It's probably the best thing I've ever executed in my life — the discipline to go to customers, explain the situation, implement the solution, tell them we're going to give them more than they're owed, not less, and execute it in the midst of the world collapsing. That's what survival looks like.
Michael Dermer — Career Timeline
Part III — "You Got Kicked Between the Legs 20 Times a Day. You Just Stopped Noticing."
Q
You spent three years working 20-hour days to save IncentOne. How do you not break?
Michael Dermer
There's a famous Winston Churchill quote — "When you're going through hell, you just keep going." You focus on what you can chip away at. You can't control the fact that the world's largest financial institutions are crumbling. You can control what tasks you do today that move the ball forward. You work the problem.

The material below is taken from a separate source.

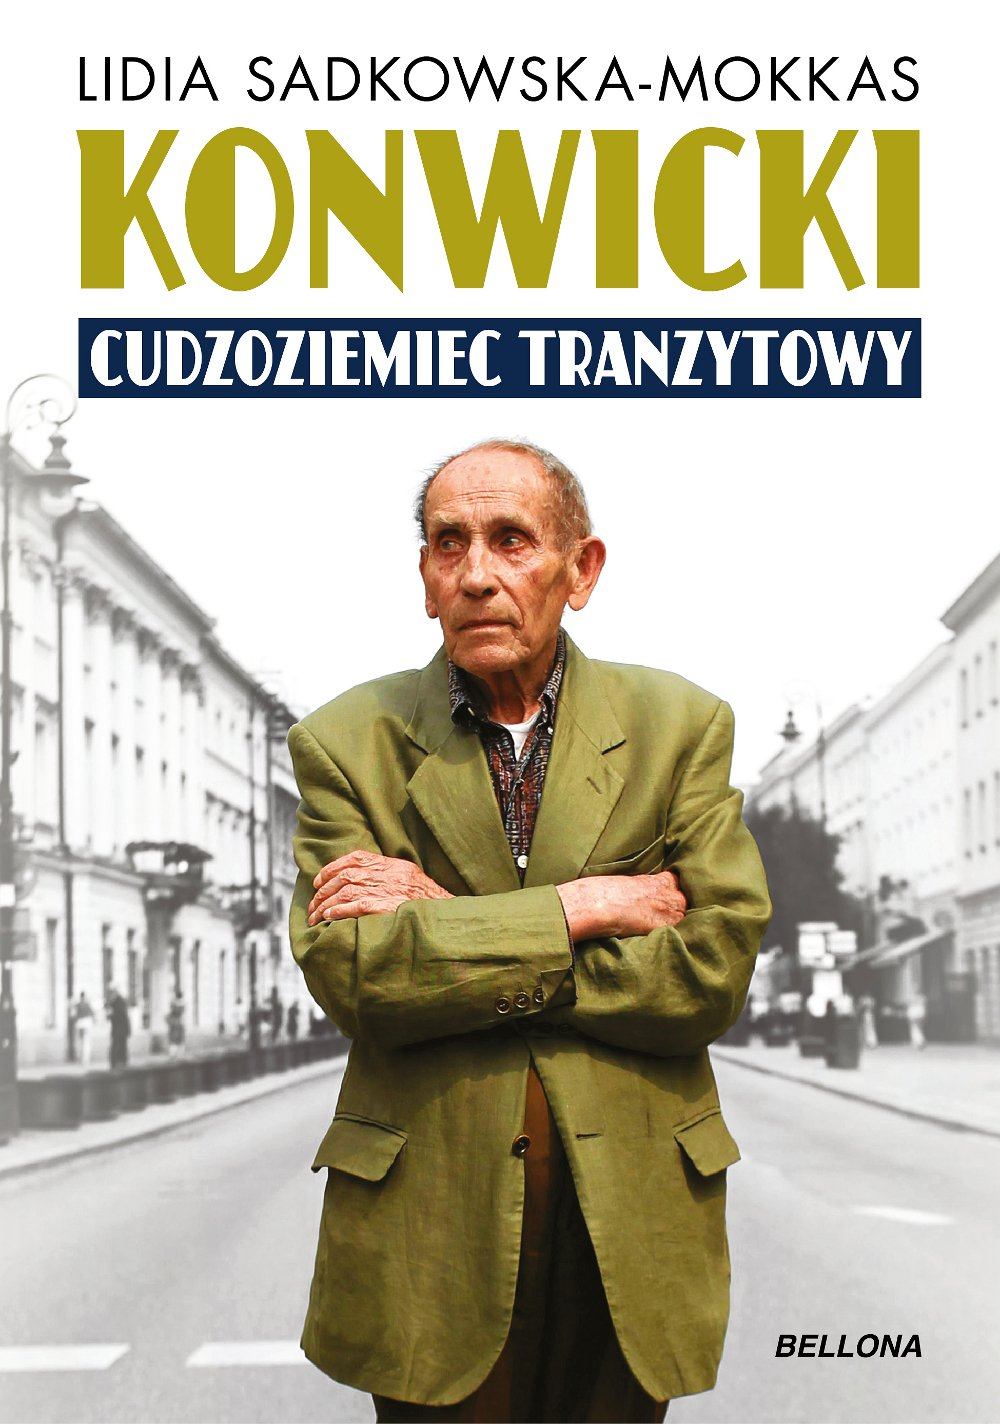 Konwicki - cudzoziemiec tranzytowy - Ebook (Książka EPUB) do pobrania w formacie EPUB

There's a scene in Apollo 13 where Bill Paxton's character questions whether Houston is giving them accurate information, and Tom Hanks says, "All right, there's a thousand things that have to happen in order. We are on number eight. You're talking about number six hundred and ninety-two. We're not going to go bouncing off the walls for ten minutes, because we're just going to end up back here with the same problems." That's the philosophy. Work the problem. Don't bounce off the walls.
Q
And the cold shower — that started during this period?
Michael Dermer
It started by accident. One day after my normal 5 a.m. workout, the gym's shower produced only freezing water. I didn't flinch. Instead I thought, "If I can endure this, I can face anything the day would bring." Five minutes. Freezing water. Every morning since October 2008. It's not a stunt — it's identity. It's a daily proof that you can withstand discomfort and still function.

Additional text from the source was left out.